# REQUIREMENT
The entire set of lines below should be copied exactly.

Items from a dataset
- - - -

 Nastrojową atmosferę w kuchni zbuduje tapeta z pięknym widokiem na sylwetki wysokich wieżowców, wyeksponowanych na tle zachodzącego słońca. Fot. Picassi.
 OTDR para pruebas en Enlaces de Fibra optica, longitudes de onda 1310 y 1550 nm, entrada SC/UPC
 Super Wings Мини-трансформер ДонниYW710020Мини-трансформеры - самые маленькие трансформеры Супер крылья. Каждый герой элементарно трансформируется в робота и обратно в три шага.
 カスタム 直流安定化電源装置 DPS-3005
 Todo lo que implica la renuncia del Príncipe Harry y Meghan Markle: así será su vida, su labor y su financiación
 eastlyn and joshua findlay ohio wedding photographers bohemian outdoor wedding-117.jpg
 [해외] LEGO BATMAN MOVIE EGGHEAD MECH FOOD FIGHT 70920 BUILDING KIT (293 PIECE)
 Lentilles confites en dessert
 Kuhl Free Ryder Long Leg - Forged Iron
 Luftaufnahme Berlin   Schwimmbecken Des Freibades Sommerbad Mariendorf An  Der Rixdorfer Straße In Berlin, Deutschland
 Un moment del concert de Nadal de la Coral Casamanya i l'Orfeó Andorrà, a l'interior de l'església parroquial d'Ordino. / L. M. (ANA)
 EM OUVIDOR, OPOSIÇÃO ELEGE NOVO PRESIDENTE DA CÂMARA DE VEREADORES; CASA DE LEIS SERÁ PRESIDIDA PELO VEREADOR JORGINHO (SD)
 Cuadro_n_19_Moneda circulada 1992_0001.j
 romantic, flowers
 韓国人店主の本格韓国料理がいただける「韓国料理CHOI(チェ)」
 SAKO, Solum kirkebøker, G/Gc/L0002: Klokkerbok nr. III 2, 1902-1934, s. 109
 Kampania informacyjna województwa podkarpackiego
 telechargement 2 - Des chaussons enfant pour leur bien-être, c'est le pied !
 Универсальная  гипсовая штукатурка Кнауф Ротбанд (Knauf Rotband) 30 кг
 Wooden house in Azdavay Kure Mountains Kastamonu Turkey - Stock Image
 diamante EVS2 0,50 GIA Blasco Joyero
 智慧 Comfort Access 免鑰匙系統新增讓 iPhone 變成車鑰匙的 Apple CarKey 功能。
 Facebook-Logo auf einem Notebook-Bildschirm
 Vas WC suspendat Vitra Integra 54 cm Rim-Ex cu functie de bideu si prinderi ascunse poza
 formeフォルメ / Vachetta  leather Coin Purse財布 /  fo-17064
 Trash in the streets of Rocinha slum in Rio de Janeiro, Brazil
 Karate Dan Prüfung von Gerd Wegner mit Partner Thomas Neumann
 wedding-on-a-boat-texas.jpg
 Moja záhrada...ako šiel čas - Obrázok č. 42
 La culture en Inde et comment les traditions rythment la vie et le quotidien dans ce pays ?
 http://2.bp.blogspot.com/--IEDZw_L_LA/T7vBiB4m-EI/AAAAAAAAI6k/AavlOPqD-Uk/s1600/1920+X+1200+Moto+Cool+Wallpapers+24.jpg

- - - -

# SOLUTION FOR THIS EXERCISE
 Nastrojową atmosferę w kuchni zbuduje tapeta z pięknym widokiem na sylwetki wysokich wieżowców, wyeksponowanych na tle zachodzącego słońca. Fot. Picassi.
 OTDR para pruebas en Enlaces de Fibra optica, longitudes de onda 1310 y 1550 nm, entrada SC/UPC
 Super Wings Мини-трансформер ДонниYW710020Мини-трансформеры - самые маленькие трансформеры Супер крылья. Каждый герой элементарно трансформируется в робота и обратно в три шага.
 カスタム 直流安定化電源装置 DPS-3005
 Todo lo que implica la renuncia del Príncipe Harry y Meghan Markle: así será su vida, su labor y su financiación
 eastlyn and joshua findlay ohio wedding photographers bohemian outdoor wedding-117.jpg
 [해외] LEGO BATMAN MOVIE EGGHEAD MECH FOOD FIGHT 70920 BUILDING KIT (293 PIECE)
 Lentilles confites en dessert
 Kuhl Free Ryder Long Leg - Forged Iron
 Luftaufnahme Berlin   Schwimmbecken Des Freibades Sommerbad Mariendorf An  Der Rixdorfer Straße In Berlin, Deutschland
 Un moment del concert de Nadal de la Coral Casamanya i l'Orfeó Andorrà, a l'interior de l'església parroquial d'Ordino. / L. M. (ANA)
 EM OUVIDOR, OPOSIÇÃO ELEGE NOVO PRESIDENTE DA CÂMARA DE VEREADORES; CASA DE LEIS SERÁ PRESIDIDA PELO VEREADOR JORGINHO (SD)
 Cuadro_n_19_Moneda circulada 1992_0001.j
 romantic, flowers
 韓国人店主の本格韓国料理がいただける「韓国料理CHOI(チェ)」
 SAKO, Solum kirkebøker, G/Gc/L0002: Klokkerbok nr. III 2, 1902-1934, s. 109
 Kampania informacyjna województwa podkarpackiego
 telechargement 2 - Des chaussons enfant pour leur bien-être, c'est le pied !
 Универсальная  гипсовая штукатурка Кнауф Ротбанд (Knauf Rotband) 30 кг
 Wooden house in Azdavay Kure Mountains Kastamonu Turkey - Stock Image
 diamante EVS2 0,50 GIA Blasco Joyero
 智慧 Comfort Access 免鑰匙系統新增讓 iPhone 變成車鑰匙的 Apple CarKey 功能。
 Facebook-Logo auf einem Notebook-Bildschirm
 Vas WC suspendat Vitra Integra 54 cm Rim-Ex cu functie de bideu si prinderi ascunse poza
 formeフォルメ / Vachetta  leather Coin Purse財布 /  fo-17064
 Trash in the streets of Rocinha slum in Rio de Janeiro, Brazil
 Karate Dan Prüfung von Gerd Wegner mit Partner Thomas Neumann
 wedding-on-a-boat-texas.jpg
 Moja záhrada...ako šiel čas - Obrázok č. 42
 La culture en Inde et comment les traditions rythment la vie et le quotidien dans ce pays ?
 http://2.bp.blogspot.com/--IEDZw_L_LA/T7vBiB4m-EI/AAAAAAAAI6k/AavlOPqD-Uk/s1600/1920+X+1200+Moto+Cool+Wallpapers+24.jpg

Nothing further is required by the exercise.